Material provided:
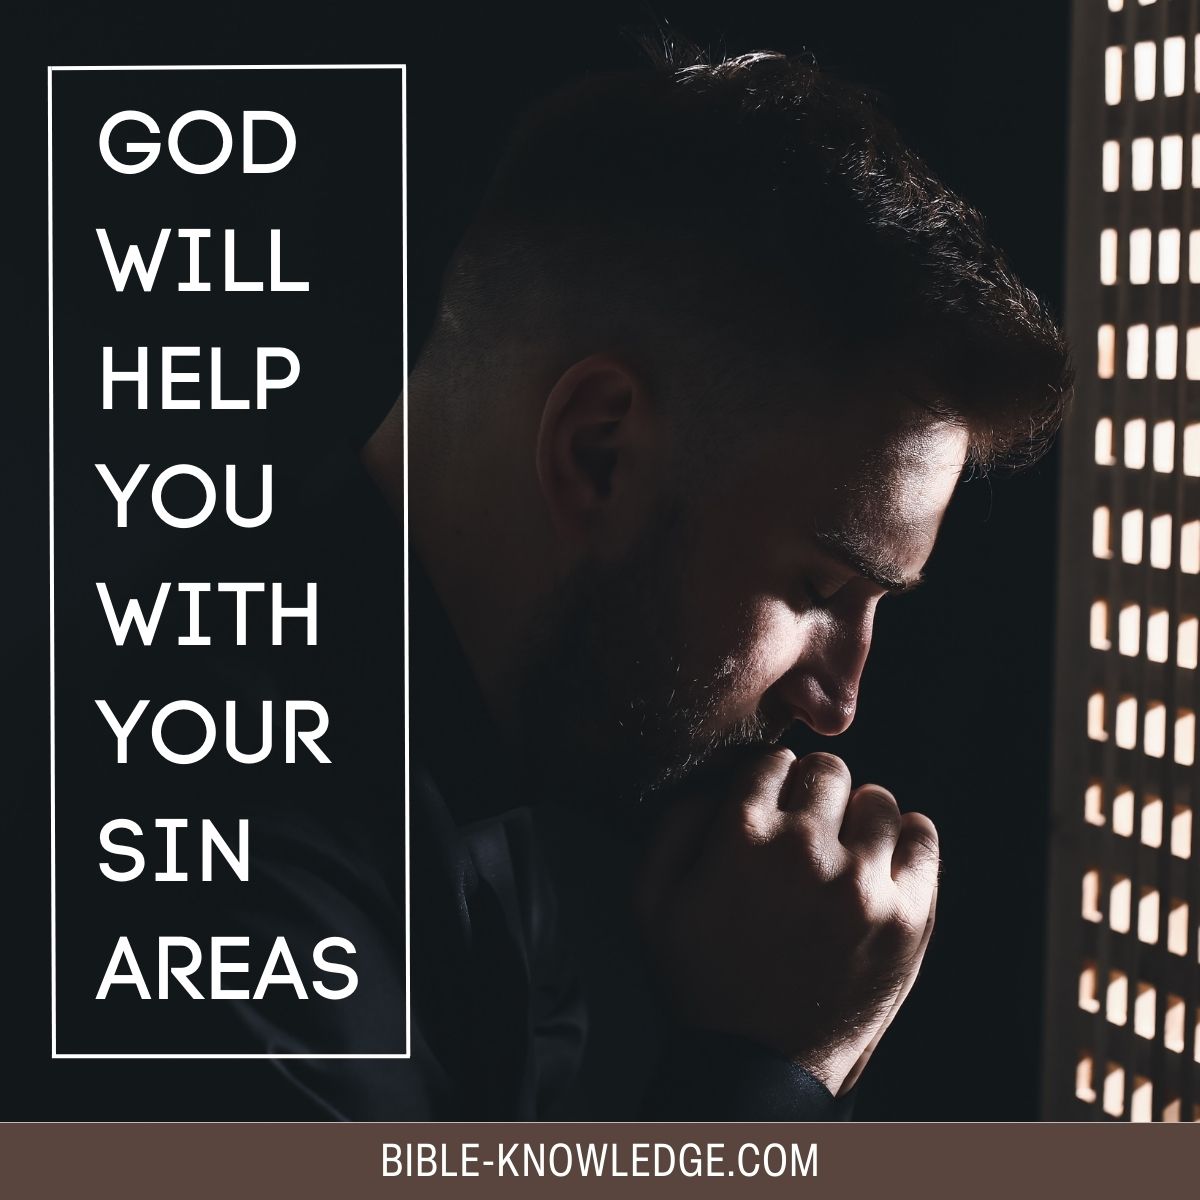 God Will Help You With Your Sin Areas
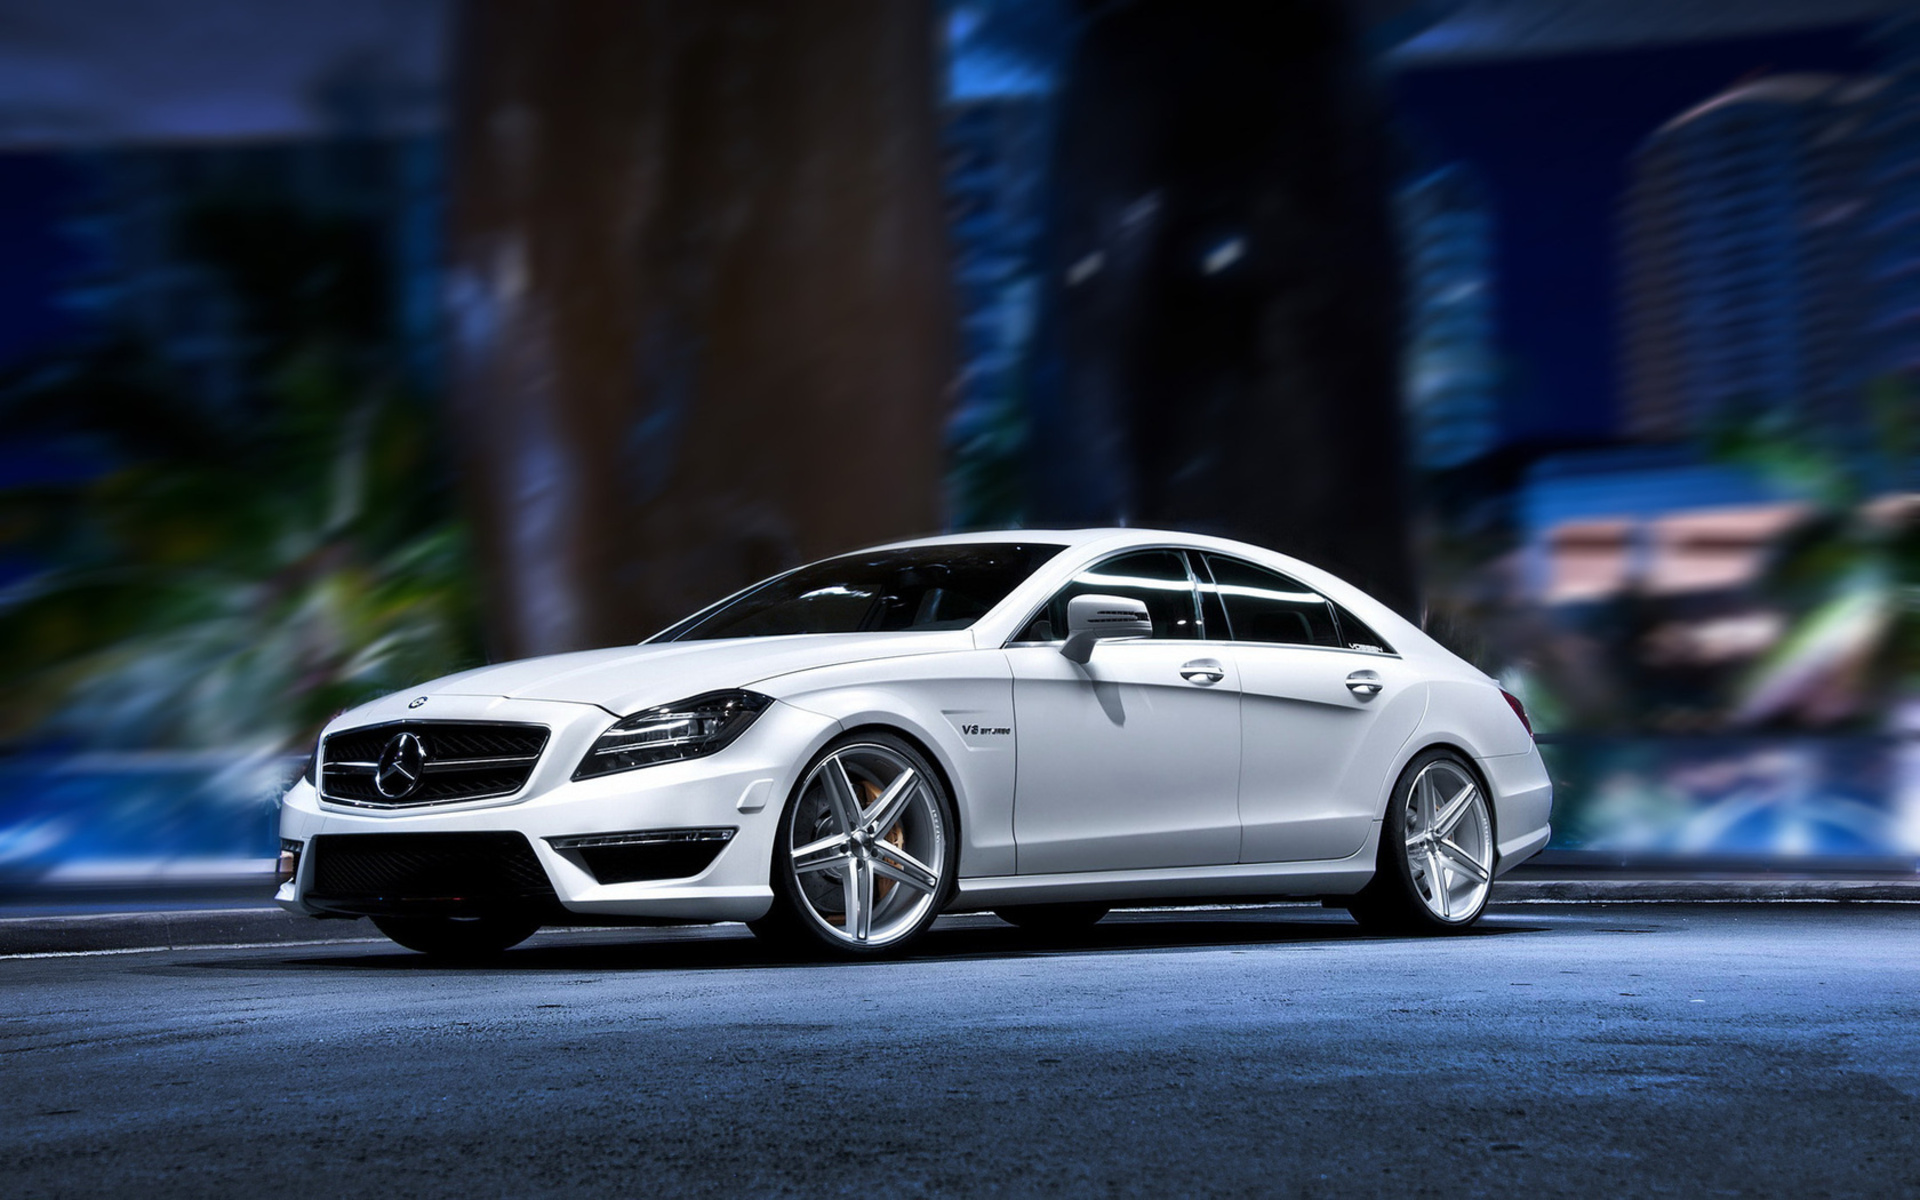 Mercedes HD Wallpaper | Background Image | 1920x1200 | ID:275043 - Wallpaper Abyss
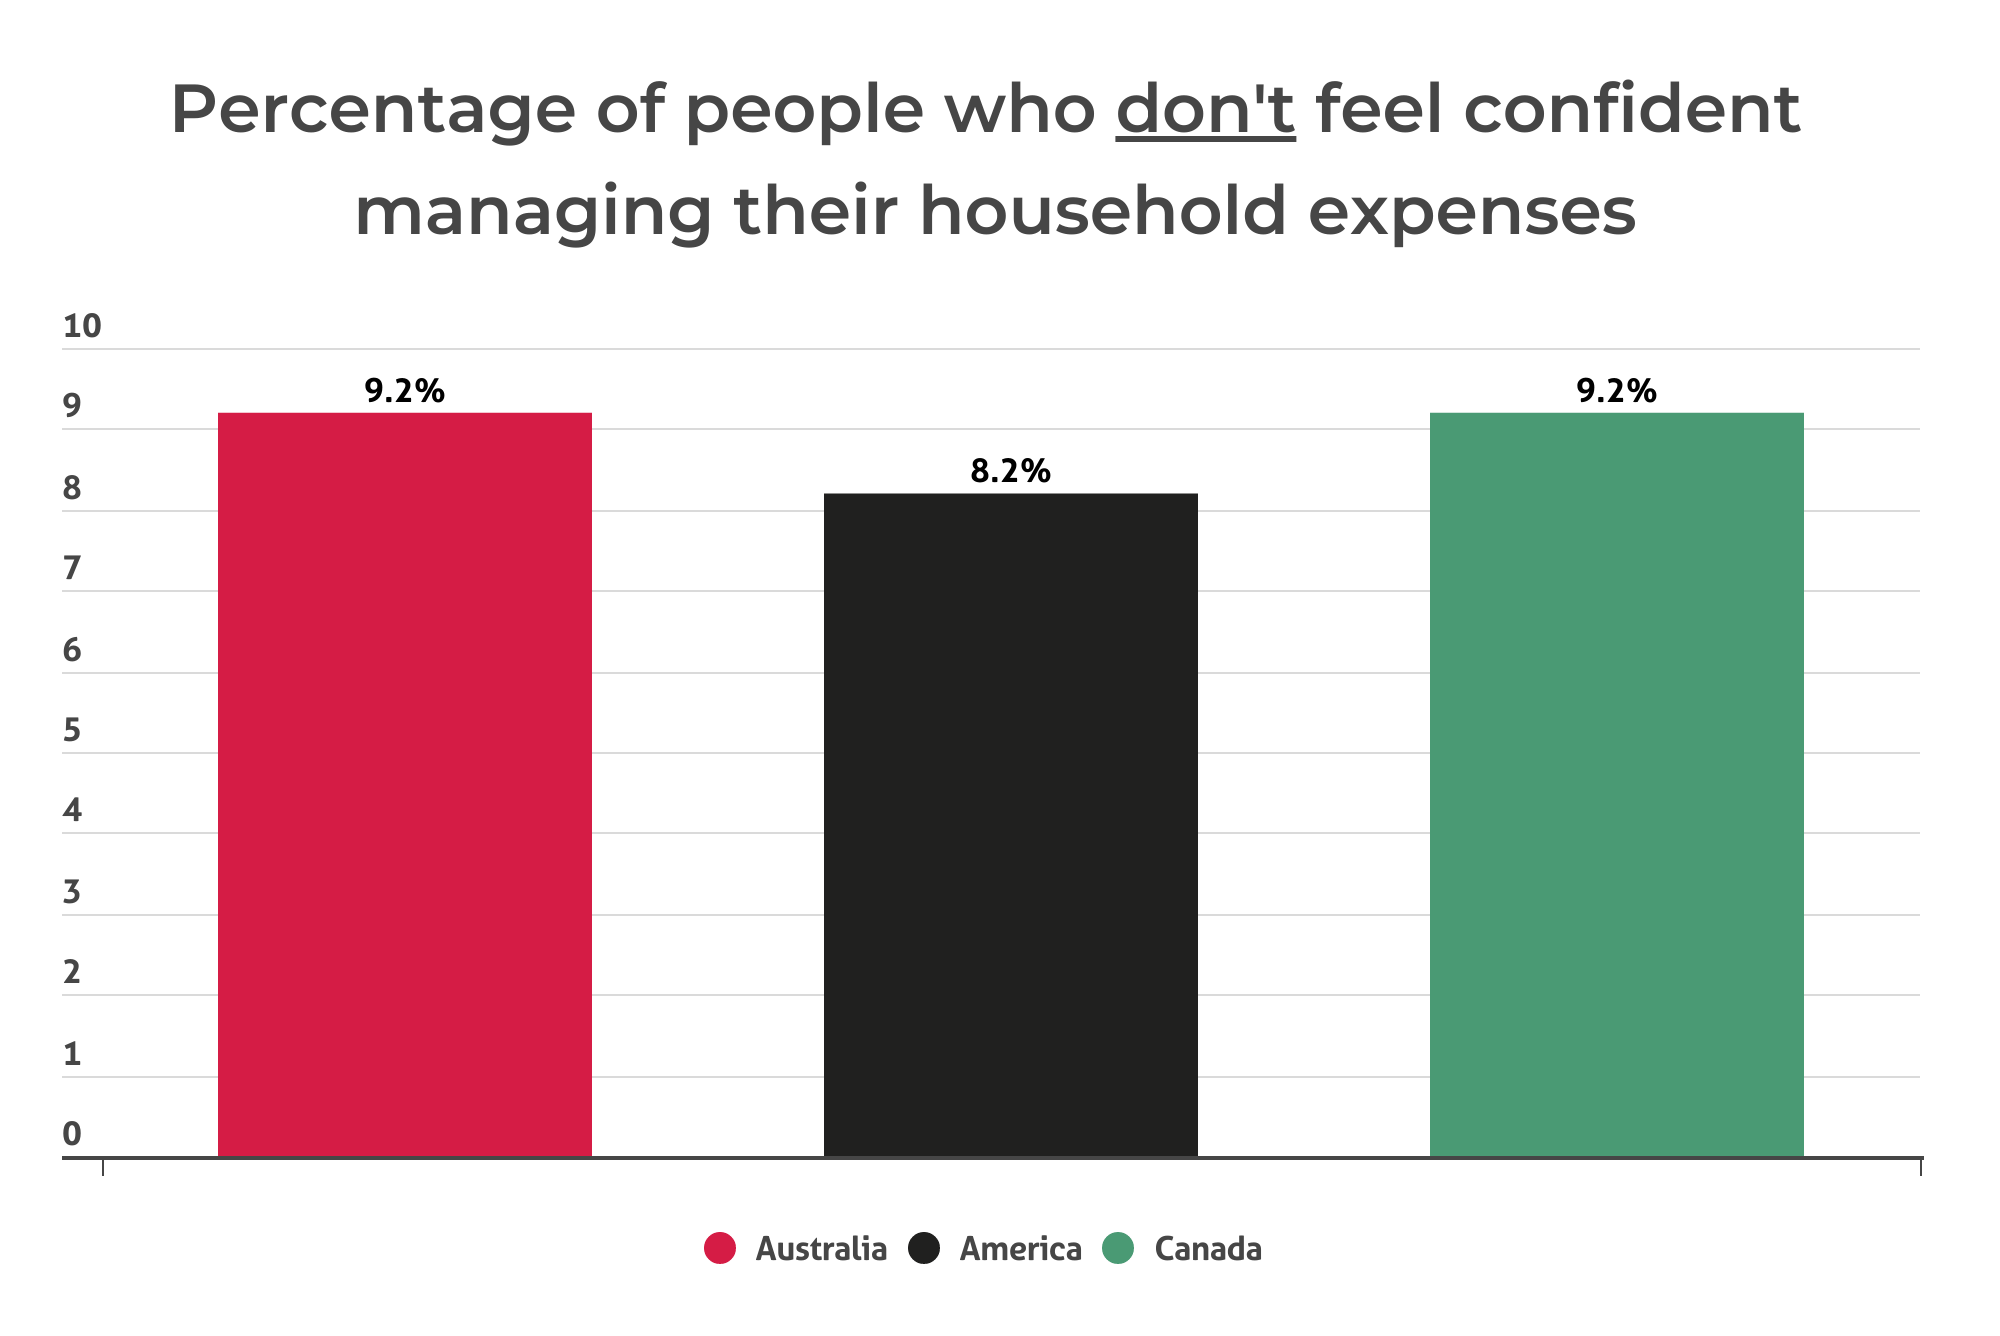 Graph showing the percentage of people that don't feel confident managing their household expenses in Australia, Canada and America.

What you will do: Repeat verbatim the lines from the one with "Mercedes HD Wallpaper" through the end of the listing above. Include both ends, add nothing, and exclude the pictures.

Output of the exercise:
 Mercedes HD Wallpaper | Background Image | 1920x1200 | ID:275043 - Wallpaper Abyss
 Graph showing the percentage of people that don't feel confident managing their household expenses in Australia, Canada and America.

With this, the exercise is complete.